Here I’m talking about those morphemes (i.e. those meaningful building blocks) of a language that are not just made of strings of phonemes (i.e. distinctive sounds). We tend to be taught scads of examples in linguistics classes that show morphemes have pretty fixed, simple-to-pronounce shapes, such as the Arabic prefix mu-, Salish s- Nominalizer, Hungarian -om for 1st person with a definite object, etc.

You’re left with the implication that morphemes not composed of phoneme strings, as seen from Chalcatongo Mixtec’s tonal inflection in káʔba “filth” ↔ káʔbá “dirty”, are unusual. (Thank you Wikipedia for the example.) Yet very large numbers of languages use such processes on a routine basis.

Incidentally, here’s a partial list of what a nonconcatenative morpheme can be like:

  • a tone
  • a stress
  • a reduplication (repeating part or all of a word)
  • a truncation (chopping off part of a word, to impart a new meaning to the word)
  • a change in vowel quality, a.k.a. ablaut
  • a change in consonant manner of articulation
  • (signed languages also have their particular nonconcatenative morphological strategies)

My personal experience leaves me with the impression that we linguists, to the extent that we’re aware of them, tend also to assume nonconcatenative morphemes are as simple as that list would imply, e.g. “place stress here” or “just add low tone there” to convey a certain meaning.

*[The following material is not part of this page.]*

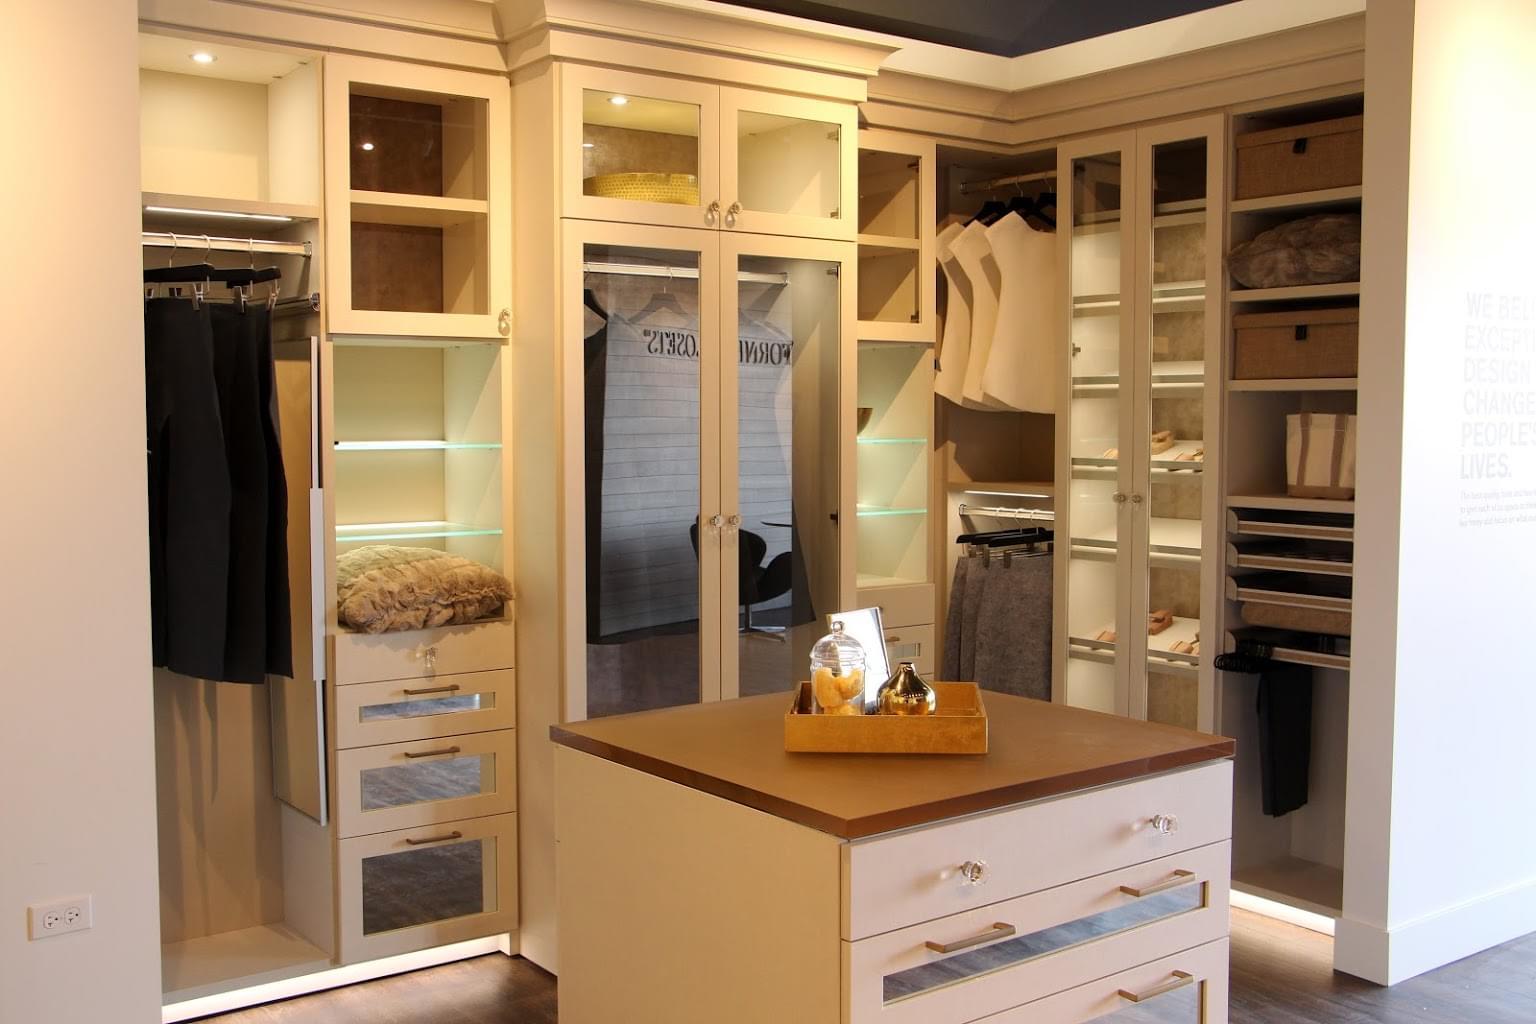 California Closets Interior Designer in Deerfield, IL

However, it’s easy to find hundreds of nonconcatenative morphemes in the linguistic literature that are more multifaceted than that, e.g. English reduplication to express a canonical example of a phenomenon (as in “No, I want a car car, not a Tesla”) both repeats the stem and puts a special higher intonation on it. That’s 2 non-segmental processes at once. I’ve often noticed that even excellent grammatical descriptions of a language will tend to tell that e.g. “there’s reduplication of the shape CVC” (consonant plus vowel plus consonant), but without providing important details of stress etc.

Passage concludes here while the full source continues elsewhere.